Hi, I’ve never used R before so wouldn’t even know where to start. I’ve been moedlling football games from many leagues using expected goals that I scrape and then use Poisson to get the probabilities for the upcoming games. Would this tool help me make it quicker/better ? Is it possible to implement expected goals data into etc. ? Sorry for all this questions but I’m new to the programing language.

I am not sure if it will be quicker or better using this package, but you can use expected goals as input. I actually did that in this post: http://opisthokonta.net/?p=1760

great content keep up the great work!! Why dont you make a youtube video about your github model and how to use it?

Hi!

I’m having some problems with a gaussian model. It gives very big numbers for attack/defence parameters.. This happens usually for the first team in the list. So if i rename “Arsenal” to “Barsenal” for example, the problem would move to Aston Villa here..

Model Gaussian

Log Likelihood -1699.37

AIC 3588.74

R-squared NA

Parameters (estimated) 95

Parameters (fixed) 0

Team Attack Defense

Arsenal -13.21 0.10

Aston Villa 0.40 -0.11

Barnsley 0.03 -0.10

Birmingham -0.00 -0.08

……………………………………………………..

Maybe a bug in goalmodel?
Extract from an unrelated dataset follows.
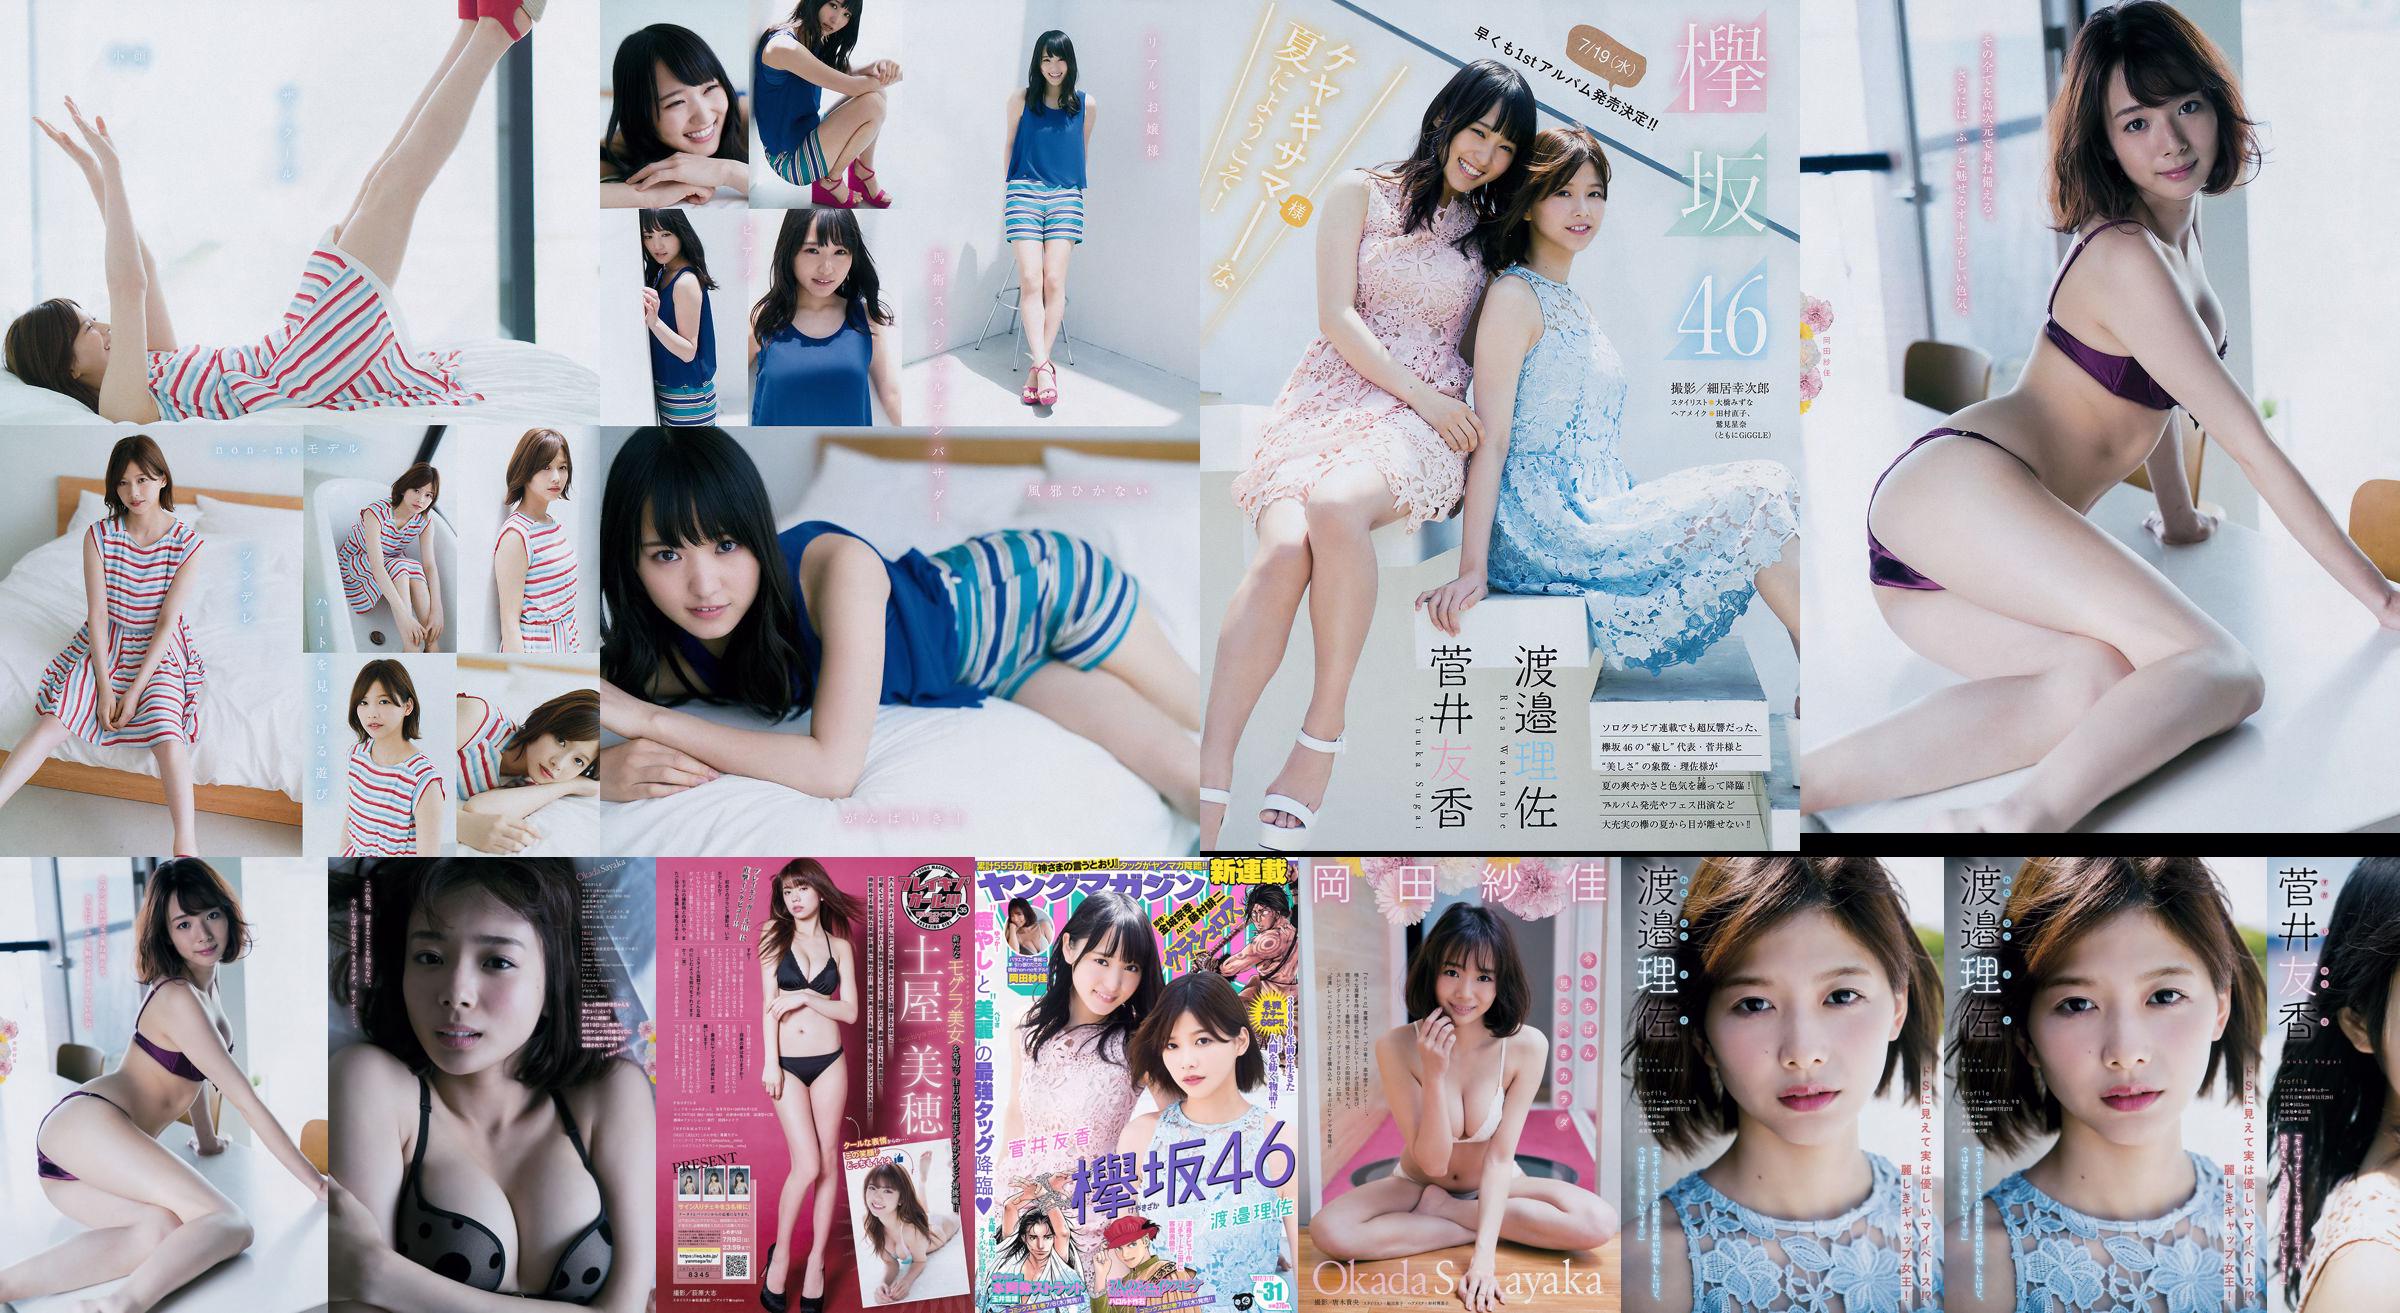 [Young Magazine] Watanabe Risa, Sugai Yuka, Okada Saika 2017 Magazine photo n ° 31 No.c38419 Page 1

I tried to locate it but i’m more into C# than R.

But anyway thanks for a great package! Its really helpful!

You have a lot of parameters it seems. Could there be that some teams have very few games in your data? Also, have you used the new version 0.2? It should be more stable.

I updated to 2.0, cannot get gaussian model to work at all anymore. Even with simple data. It always gives very high intercept.